子供の頃に一回、羽ペンに憧れてこっそりじぃじの書斎の机から羽ペンをくすねたことがある。
じぃじが使っていた羽根ペンは黒が基調となっていて羽根がふさふさしていて、いつまでも触っていたかった。
けどその後にバレてこっぴどく怒られちゃったけど…
それから私がその羽根ペンを手にしたのはじぃじが死んで一ヶ月のことだった。
書斎の掃除をしていたら出てきたのだ。
紙に試し書きをしてみたらまだ使える。
じぃじの形見だと思ってもらった。
今では私の大切な宝物となっている。

「……っと、こんなとこかな」

私は羽根ペンを置き、ノートを閉じる。
私はたまに自分の持っているものをモチーフにこうやって小説をノートに書くのが趣味なのだ。

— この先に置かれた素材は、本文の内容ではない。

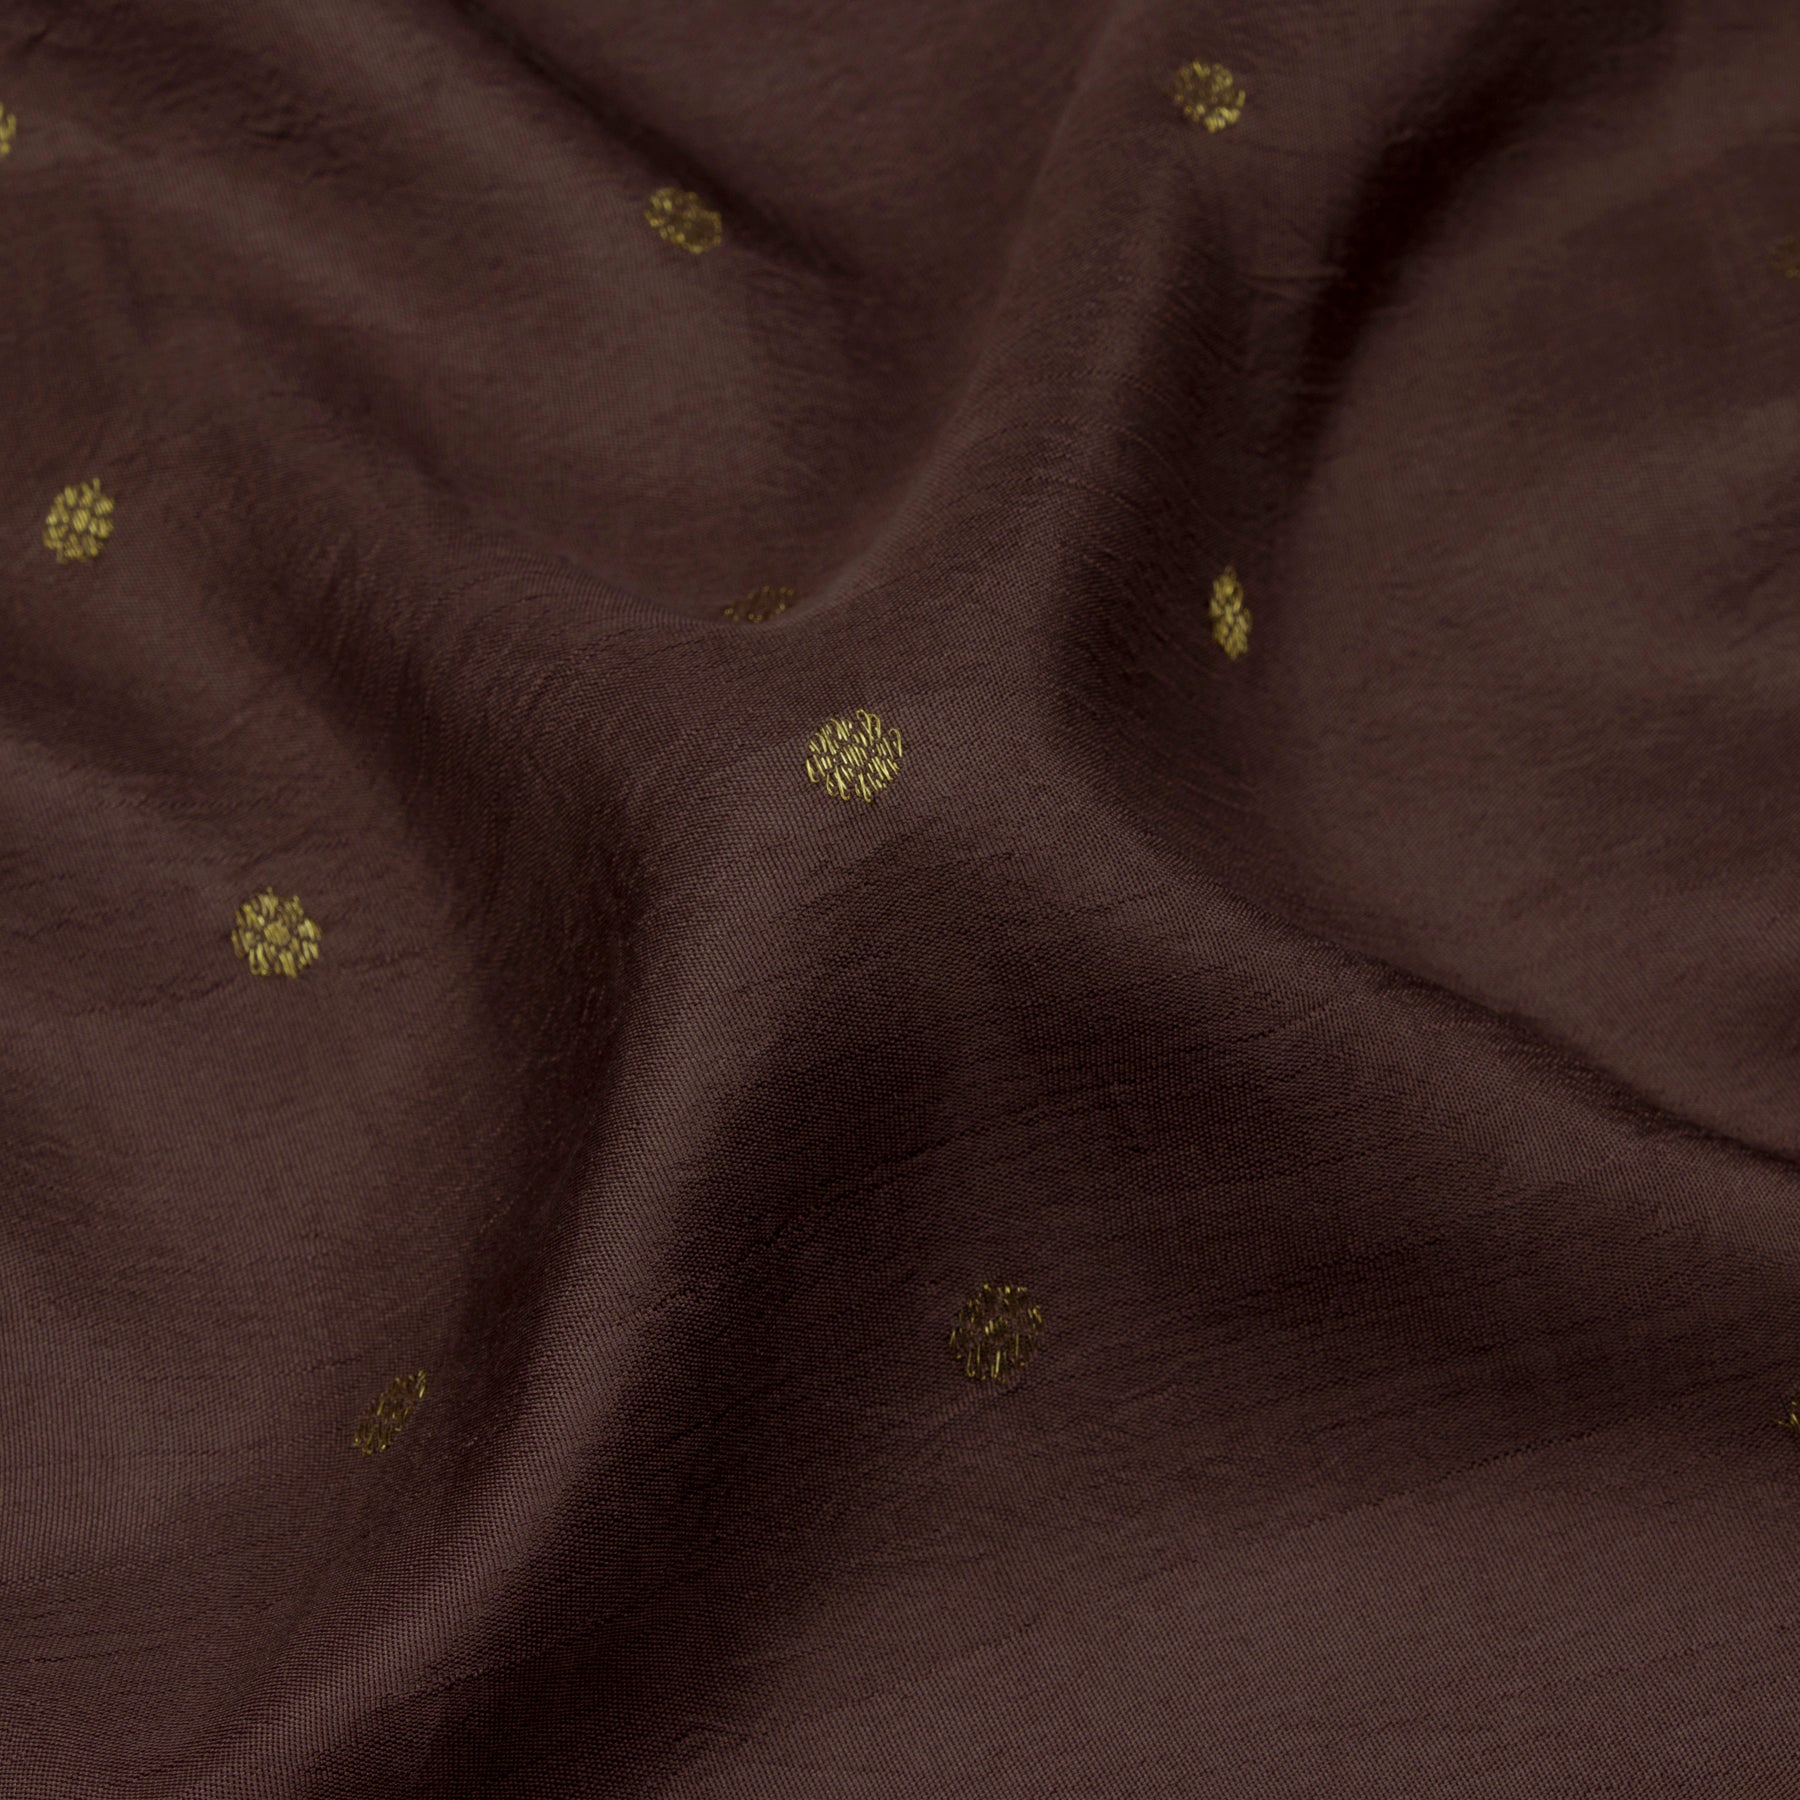 Kanakavalli Kanjivaram Silk Sari 21-040-HS001-00404 - Fabric View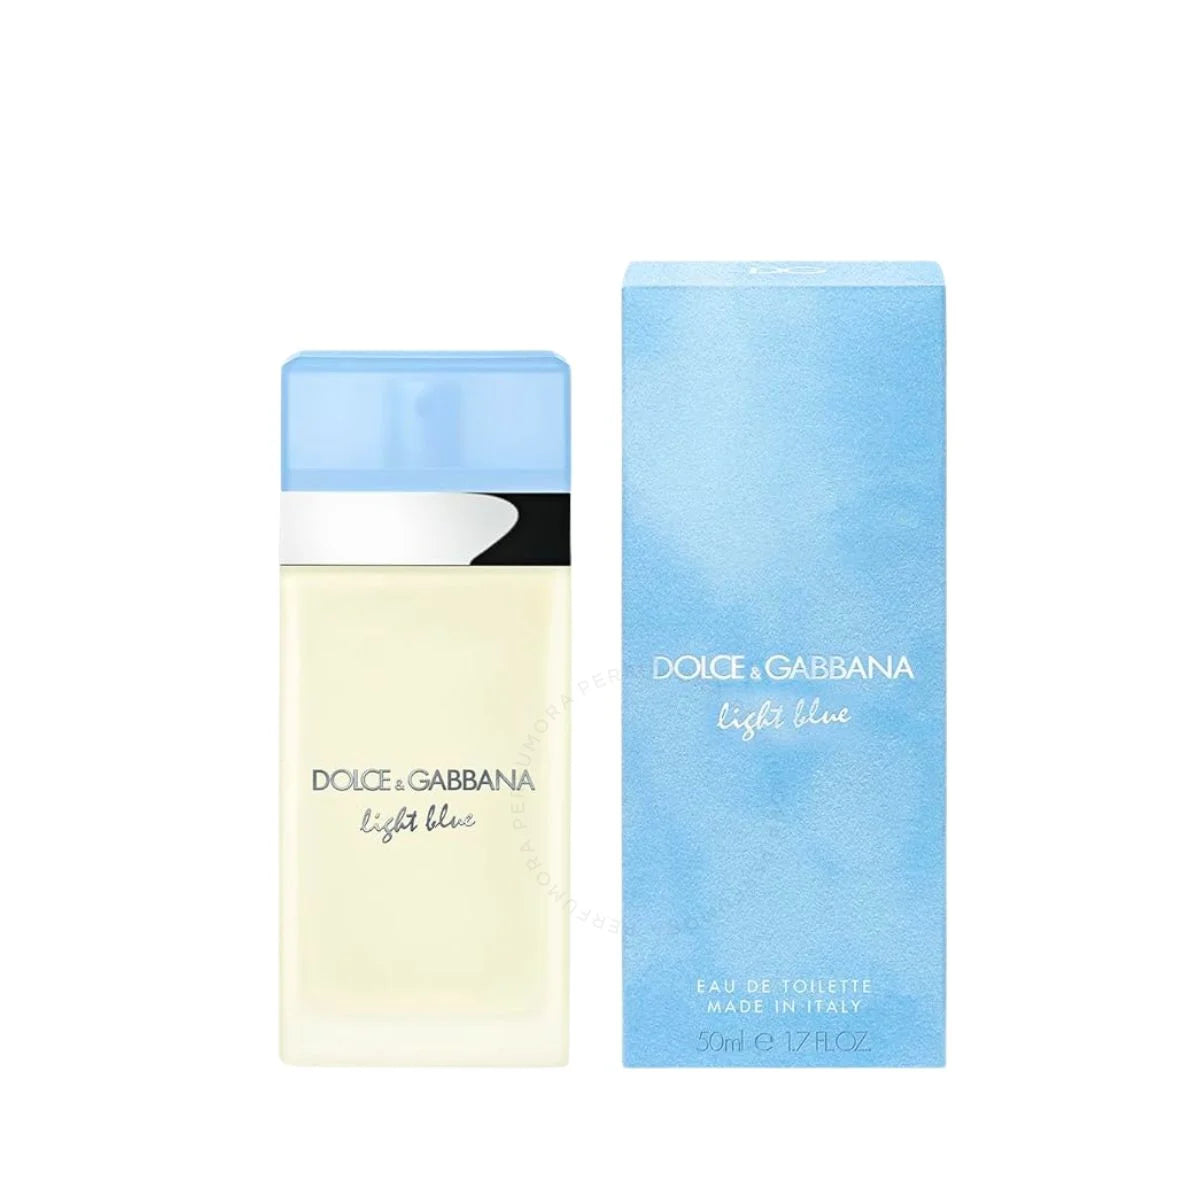 Dolce & Gabbana Light Blue 1.7 oz EDT Spray for Women

「最近はなんかスランプ気味なのかな…一回書くことから離れてみようかな?」

文章に魅力も感じなくなってきたし、書き始めた当初よりもワクワク感がなくなった気がする。
暗い気持ちのまま、椅子から立ち上がり部屋の電気を消す。
部屋のドアを閉めた。
じぃじの羽根ペンは暗闇の中、黒と同化して見えなくなった。